Iran's cartoonist Mana Neyestani poses with his album entitled “Une metamorphose iranienne”. - AFP Photo

ANGOULEM: Iranian dissident cartoonist Mana Neyestani says drawing has been his salvation and a weapon to combat his own personal demons as well as Tehran's hardline Islamist regime.

Neyestani's autobiographical comic book “An Iranian Metamorphosis,” a Kafkaesque story recounting his jailing in Iran over a cartoon depicting a cockroach that sparked riots in 2006, is due to hit stores on February 16.

“With this book, I wanted to share my experiences but also to forget my worst nightmares, when I was arrested in 2006,” said Neyestani, who has been in exile for the past five years and last month applied for political asylum in France.

“I protest against the regime with my drawings.” An Iranian Metamorphosis, the latest graphic novel by the Tehran-born 38-year-old, will be published in France, Germany, Italy, Spain and there are also negotiations for its publication in the United States.

“I always loved to draw, since my childhood,” the award-winning illustrator told AFP at the world's biggest cartoon strip and comics festival in Angouleme in western France last month.

Neyestani was jailed in Tehran's notorious Evin prison in 2006 over a cartoon published in the children's section of the governmental Iran newspaper which showed a boy repeating the Farsi word for cockroach in different ways -- while a cockroach in front of him asked “What?” in Azeri.

The cartoon triggered riots between Iran's large Azeri minority -- people of Turkish origin living mainly in the north of the country -- and the majority ethnic Persian population.

Neyestani, who is not Azeri, says he was picked up and flung into solitary confinement in Evin along with the newspaper's editor, accused of sparking tensions between Iranian communities and threatening state security.

Amnesty International said in a report in 2007 that 19 people were reported killed in the unrest and hundreds arrested.

“Every day they told me 'Look, you killed this or that number of demonstrators.' It was a moral torture,” Neyestani said of his time behind bars.

“I've never been physically tortured, but political prisoners are tortured since 2009,” he said, in reference to those jailed since the massive protests against the controversial June 2009 re-election of President Mahmoud Ahmadinejad.

-- 'Anything could happen' --

After three months in jail, Neyestani says he managed to secure a temporary release and decided to flee his homeland.

“With my wife, we bought tickets for a three-day trip to Dubai,” he said, adding that the couple were on tenterhooks while leaving, praying that the authorities would not latch on to their plan to skip the country.

But the “Emirates didn't support me,” he said.

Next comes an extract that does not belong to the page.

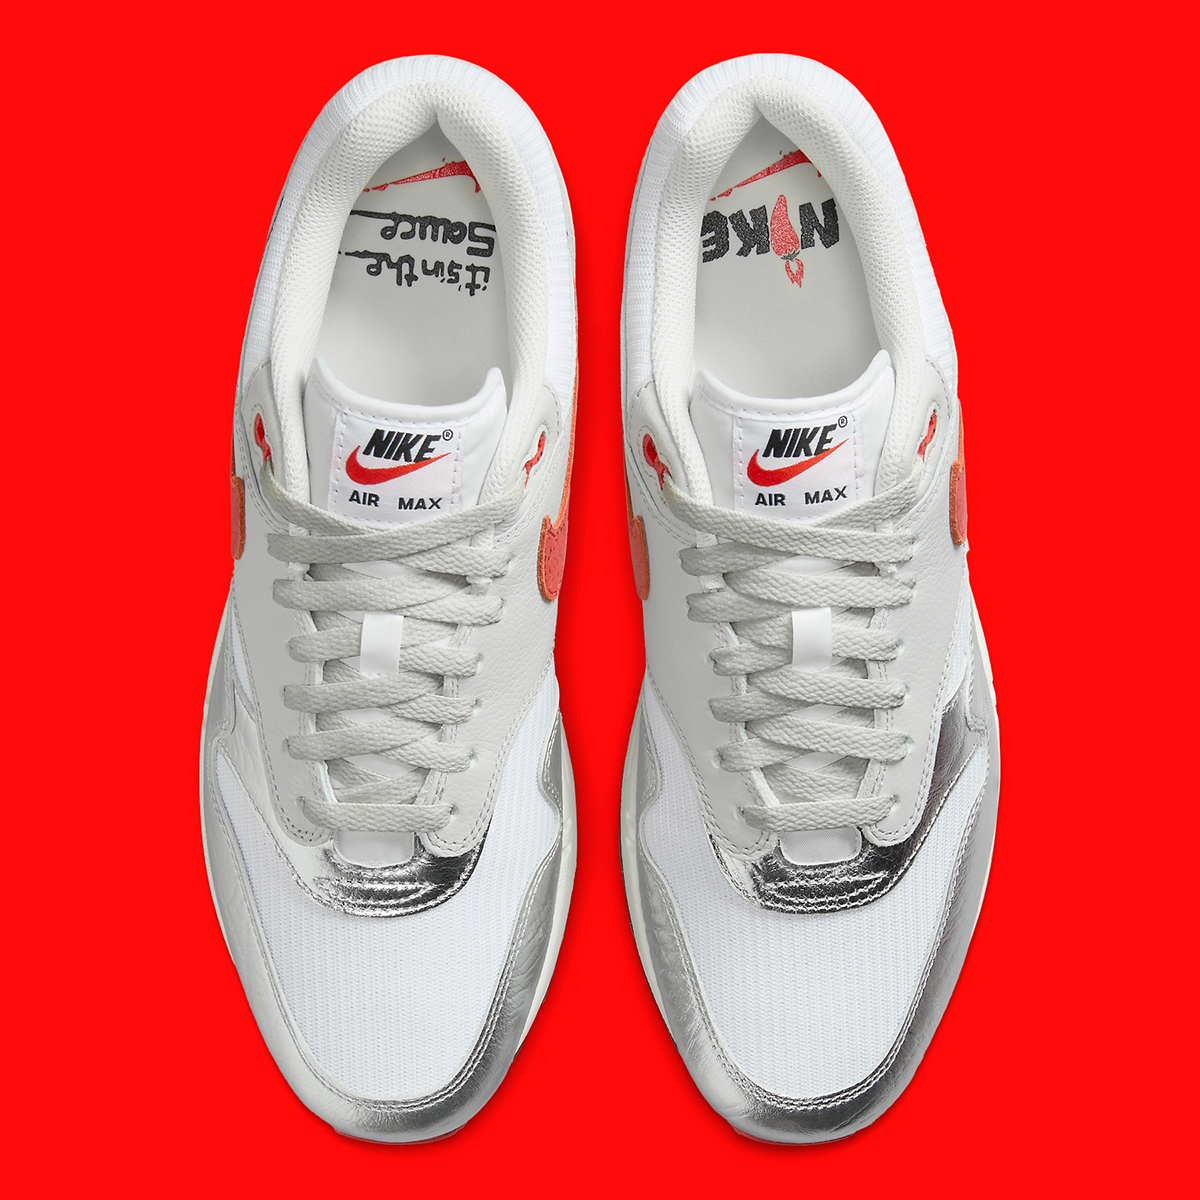 Nike Air Max 1 Chili Pepper Release Date 8

So a very long trip began, taking him to Turkey, China and then to Malaysia, where he lived from 2007, doing illustrations for dissident Iranian websites, until his move to the French capital a year ago.

His move was sponsored by the International Cities of Refuge Network, which offers “persecuted writers a safe haven where they can live and work without fear of being censored or silenced”, according to its website.

Neyestani, an architect by training, began working as a cartoonist and illustrator in 1990 for a variety of magazines in Iran and with the rise of reformist newspapers in Iran he became a political cartoonist.

He published his first book in 2000 but was then confined to working for children's magazines as his work was deemed to be overtly political. He has won numerous Iranian and international awards.

France is also home to the Iranian-born Marjane Satrapi, who directed the film version of her autobiographical work “Persepolis” that tells the story of the Iranian revolution and the Islamic regime of Ayatollah Ruhollah Khomeini through the eyes of a precocious young girl.

The French edition of Neyestani's book defiantly features cockroaches on both the front and back covers and is a theme throughout the work.

“My next book will focus on 2009 protests. I will not appear in it. I'm not a big fan of autobiographical books,” he said.

Neyestani's mother and one of his two brothers still live in Iran.

“So far my family in Tehran has not been harassed by the authorities but the Iranian regime is unpredictable. Anything could happen.” As for an eventual return to his homeland, he said: “I could go back to Iran... but it will end by me being thrown in jail.”